Related Entities Not “Necessary” to Pending Litigation For Intervention PurposesPrint Article
- Posted on: Feb 8 2021
Last month, this Blog examined Shilon v. New Upreal LLC, 2021 N.Y. Slip Op. 30146(U) (Sup. Ct., Kings County Jan. 11, 2021), a case involving a motion by a nonparty to intervene in the litigation. (Here.) Today, we look at 1467 Bedford Holdings LLC v. Spitzer, 2021 N.Y. Slip Op. 30302(U) (Sup. Ct., Kings County Feb. 1, 2021) (here), a case involving intervention as of right under CPLR §1012(a)(2).
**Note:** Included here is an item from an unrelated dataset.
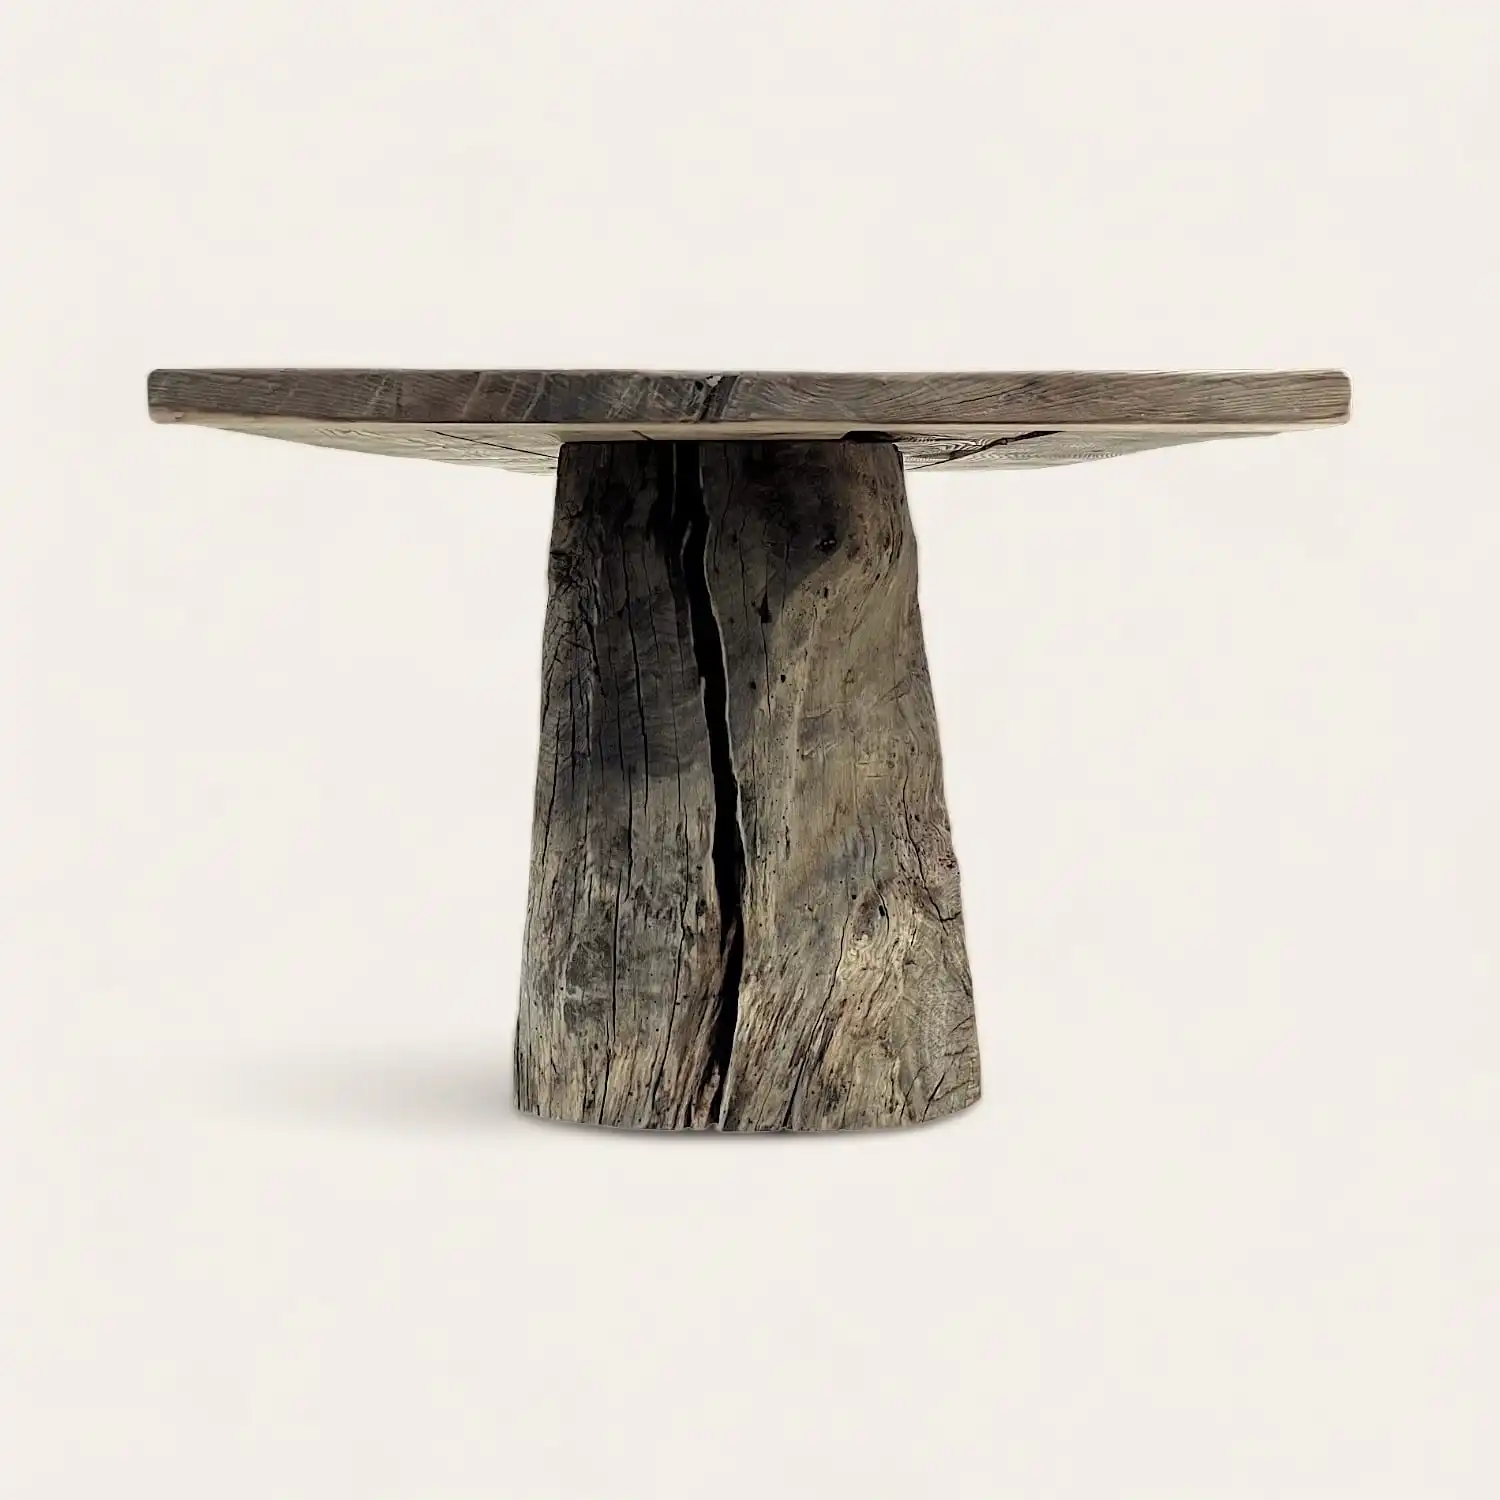  Une table ronde rustique fabriquée à partir d'une souche d'arbre.

Under CPLR §1012(a)(2), a party may intervene as a matter of right “when the representation of the person’s interest by the parties is or may be inadequate and the person is or may be bound by the judgment.” The Court of Appeals has explained that intervention is available only where the judgement will bind the potential intervenor “by its res judicate effect”. Vantage Petroleum v. Board of Assessment Review of the Town of Babylon, 61 N.Y.2d 695 (1984). The Court further explained that the potential intervenor should be in “privity” with the parties to the lawsuit to grant the motion to intervene. Green v. Sante Fe Indus. Inc., 70 N.Y.2d 244 (1987). Thus, where the potential intervenor has no interest in either the real property at issue or the outcome of the litigation, then the motion to intervene should be denied. Citibank N.A. v. Plagakis, 8 A.D.3d 604 (2d Dept. 2004).
1467 Bedford Holdings involved a dispute over the management of property owned and operated by plaintiff 1467 Bedford Holdings LLC – a company owned by three entities: Gemcap Equity Corp., 50%; Mazel Equities Group LLC, 25%; and Cobblestone Equity LLC, 25%. 1467 Bedford Holdings was formed to acquire, develop and maintain property located at 1467 Bedford Avenue in Kings County.
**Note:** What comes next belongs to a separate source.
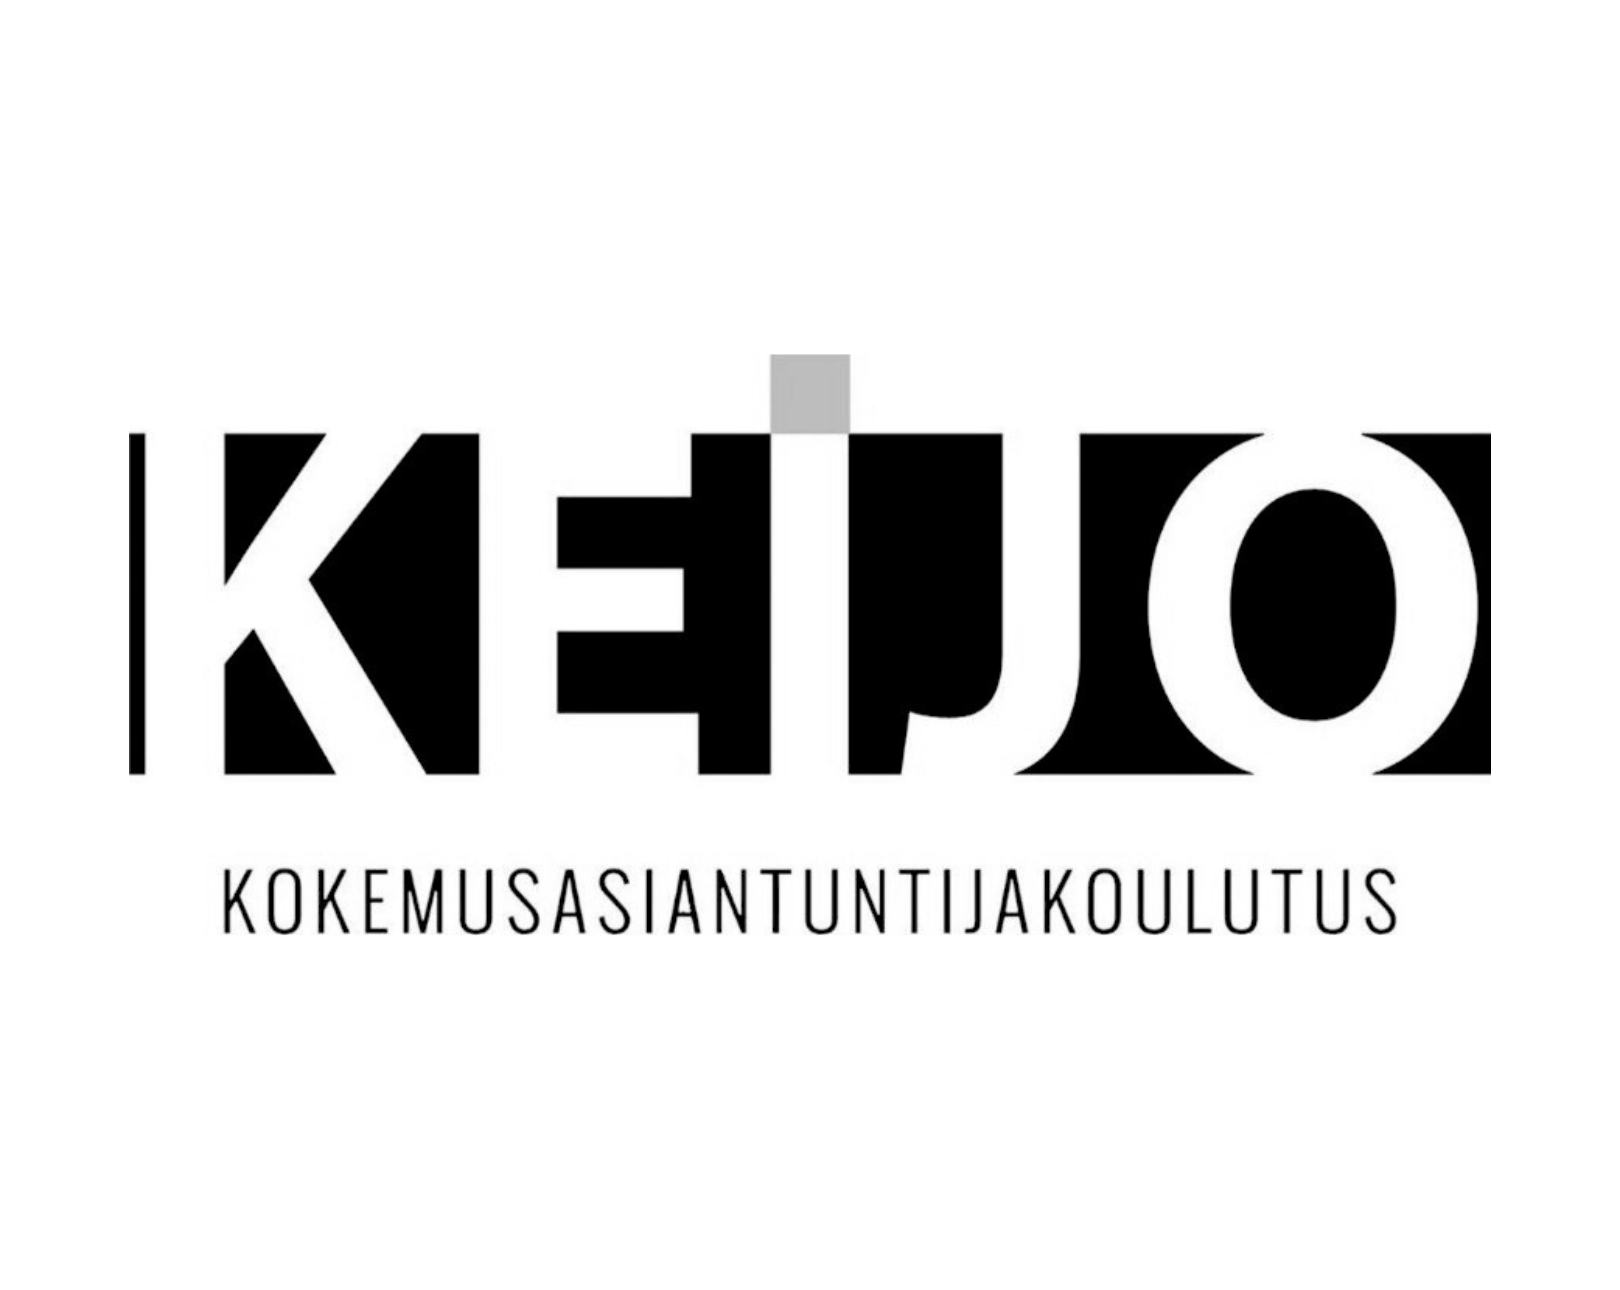 Keijo-kokemusasiantuntijakoulutuksen logo.

Pursuant to the operating agreement, 1467 Bedford Holdings was managed by Judah Zelmanovitz and Sam Wieder. Notwithstanding the terms of the operating agreement, plaintiffs alleged that defendant Joel Spitzer (“Spitzer”) had (a) been acting as the manager of the property, (b) been presenting himself as the manager of the property, and (c) rented units that were already occupied. They further alleged that he trespassed and loitered at the property. Plaintiffs maintained that those activities violated the operating agreement and was harming not only the financial success of the enterprise but the physical well-being of the tenants that resided there.
Plaintiffs sought an injunction preventing Spitzer from acting as the owner of the property and from having any interaction with any of the tenants. Defendants opposed the motion and cross-moved, seeking an injunction preventing plaintiffs from slandering him. The Court granted the motion and denied the cross-motion.
At the time of the motions, two potential intervenors, Triboro Realty Asset Management LLC and Alpha Space LLC, both of which Spitzer own, moved to intervene in the action. Triboro had acted as managing agent of the property and claimed that money was owed. Alpha was a tenant and the subject of a landlord tenant action that had been discontinued. In ruling on the motions, the Court did not rule on the motion to intervene.
Spitzer moved, pursuant to CPLR § 2221, to reargue a portion of the Court’s earlier decision – namely, the motion to intervene. The Court denied the motion.
In denying the motion, the Court held that neither Triboro nor Alpha were “necessary” parties to the action. Slip Op. at *3. The Court explained that neither entity had anything to do with the allegations in the complaint as they pertained to Spitzer (e.g., breach of the operating agreement, trespass, tortious interference with contract, conversion, breach of fiduciary duty, declaratory judgement and a permanent injunction). Id. Triboro, said the Court, was not a necessary party to the action, even it “ha[d] claims for offsets or payments”, because the claims “ha[d] nothing whatsoever to do with the allegations against Spitzer.…” Id. Similarly, Alpha, which possessed claims for improvements to the unit, was not a necessary party to the litigation because those claims did “not touch upon the claims of this action.…” Id. In short, concluded the Court, “Alpha [was] not a ‘necessary’ party to an action that essentially argue[d] Spitzer acted improperly.” Id.
Although the courts do not always make the distinction between mandatory and permissive intervention (Matter of HSBC Bank U.S.A., 135 A.D.3d 534, 534 (1st Dept. 2016)), they will make such a distinction when, as in 1467 Bedford Holdings, the motion is understood to be brought under one of the intervention provisions of the CPLR. In 1467 Bedford Holdings, the Court treated the motion as being brought under CPLR §1012(a)(2) – that is, the mandatory intervention provision of the CPLR. [Ed. Note: the underlying motion papers suggest that the intervenors moved under both CPLR §1012(a)(2) and CPLR §1013.] As such, the intervenors were required to show that they would be adversely affected by a judgment in the action. The Court held that because they were not necessary to the action, they could not show that they would be adversely affected by a judgment in the action.